What the task asks:
Would you print the listing that follows exactly, but without its pictures?

Data provided:
====

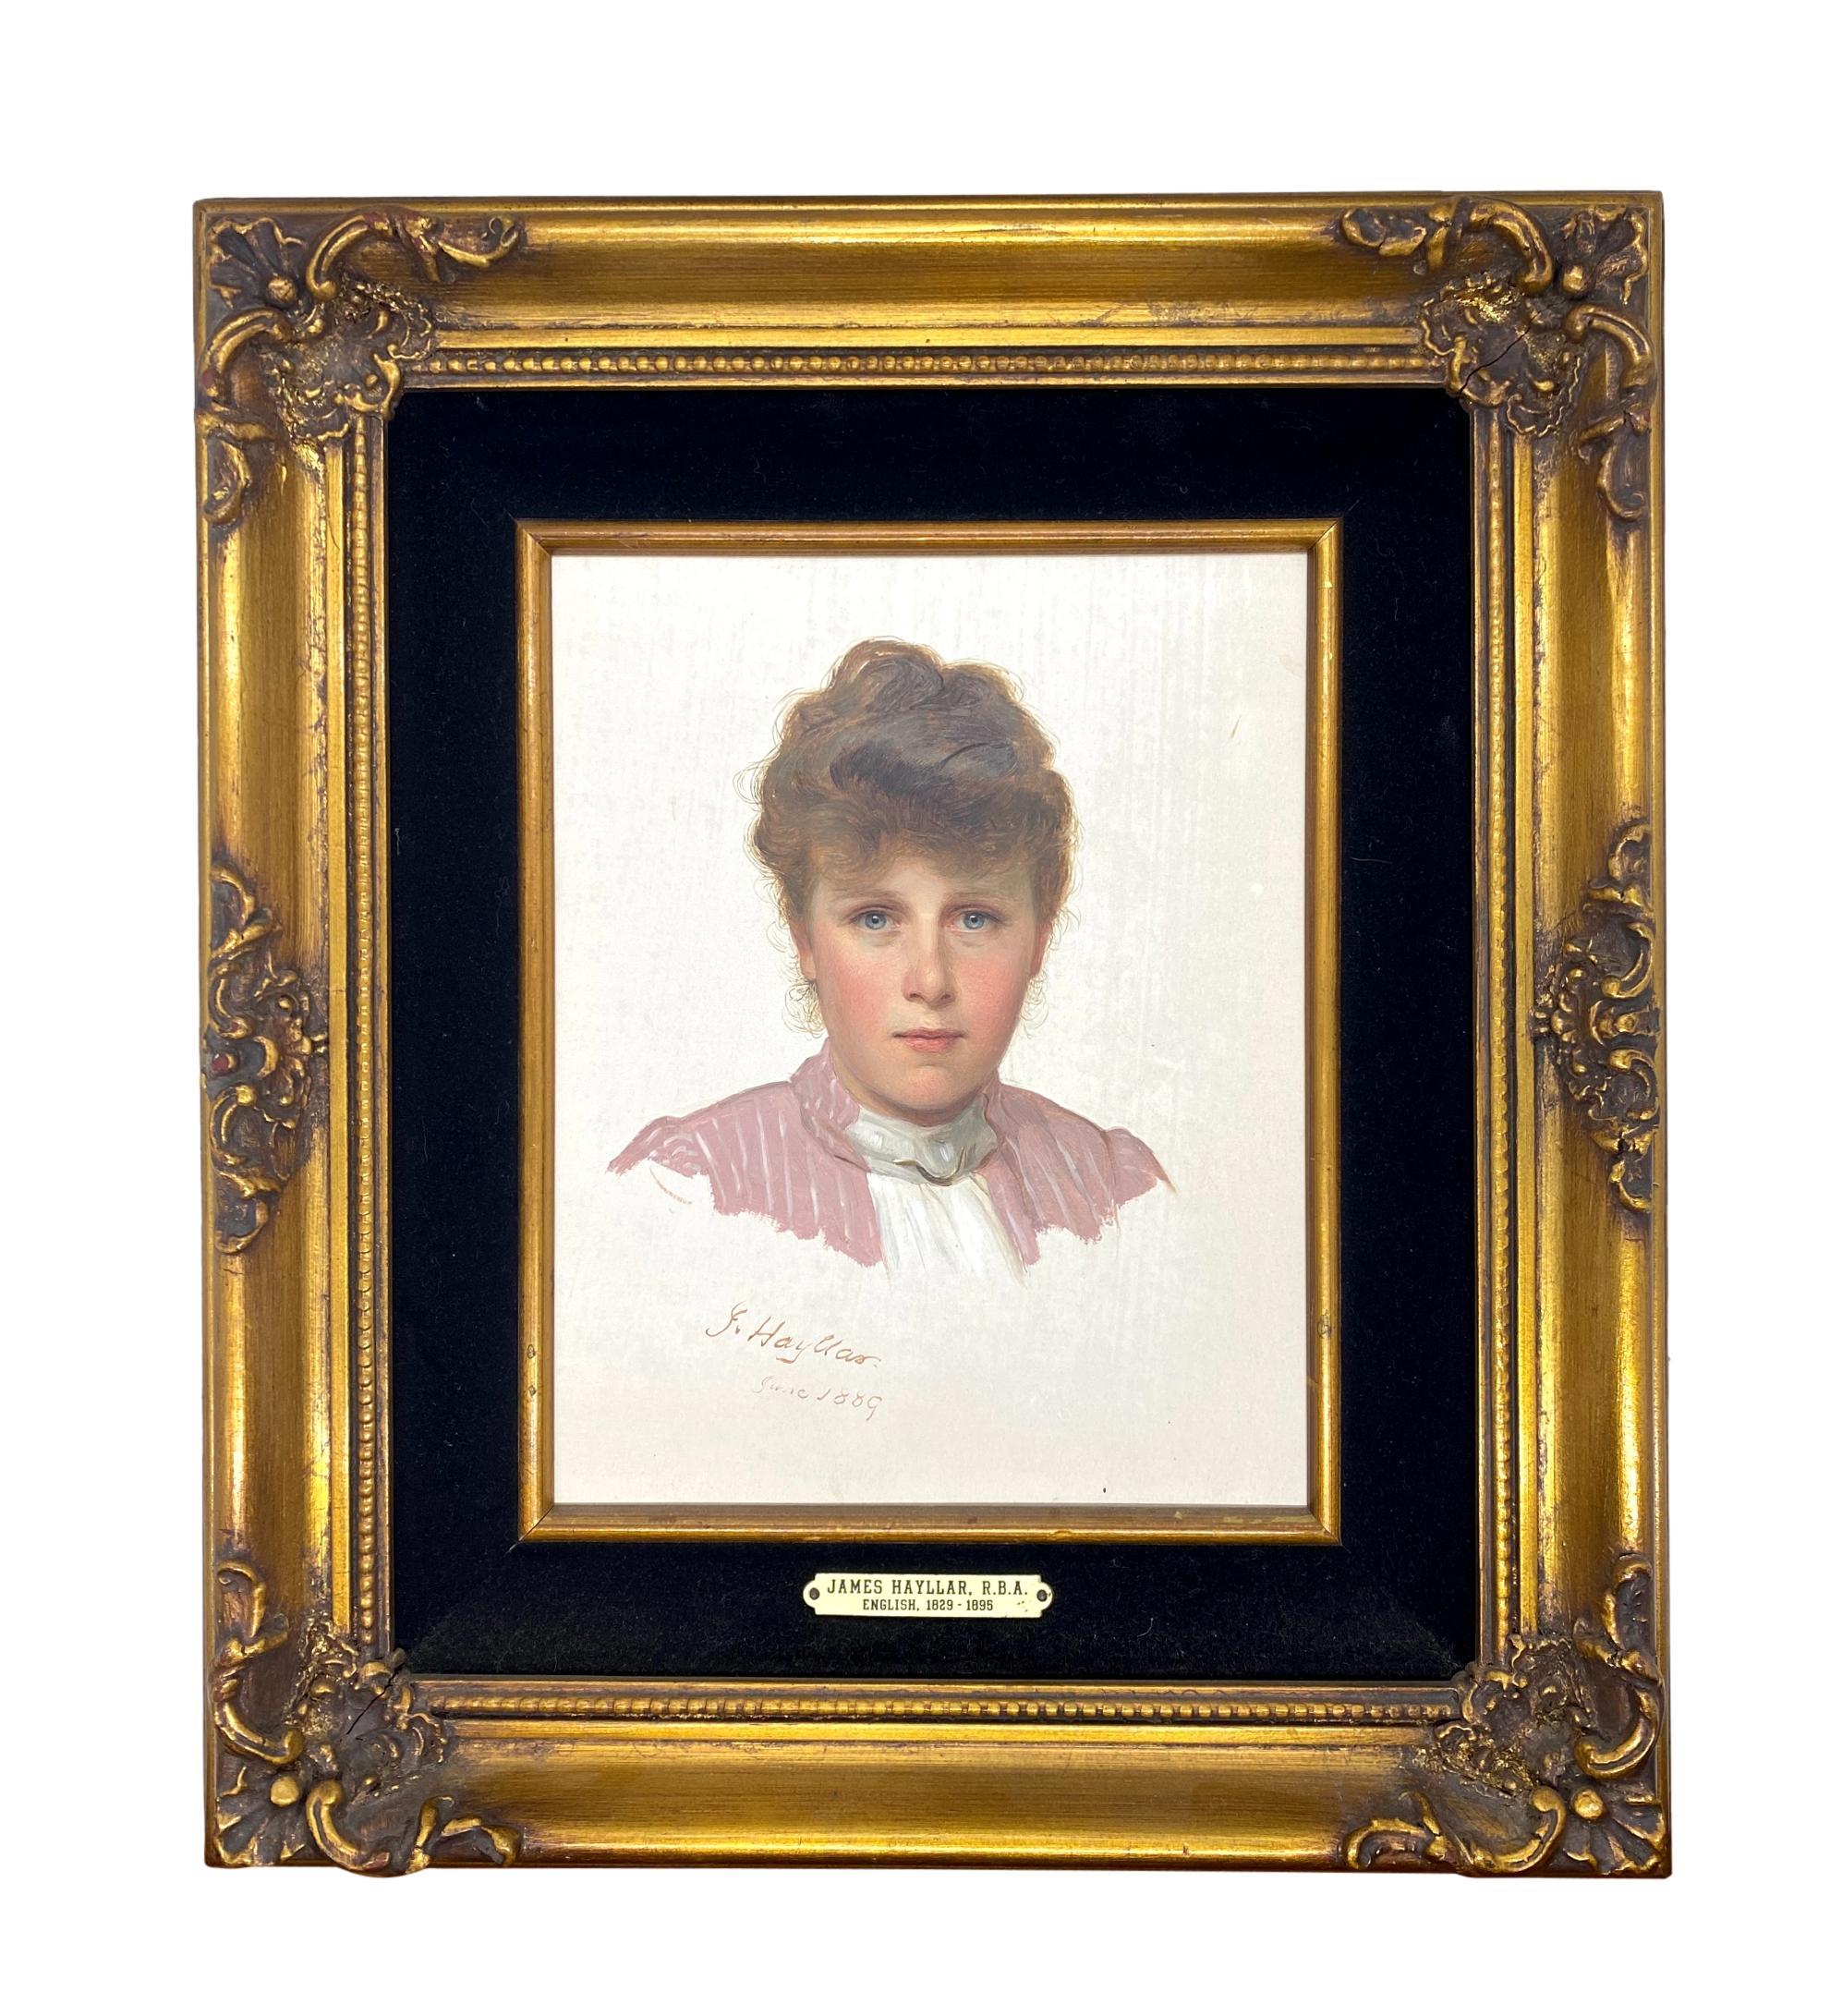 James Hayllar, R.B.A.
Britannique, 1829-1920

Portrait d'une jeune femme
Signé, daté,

====

Solution to this task:
 James Hayllar, R.B.A.
Britannique, 1829-1920

Portrait d'une jeune femme
Signé, daté,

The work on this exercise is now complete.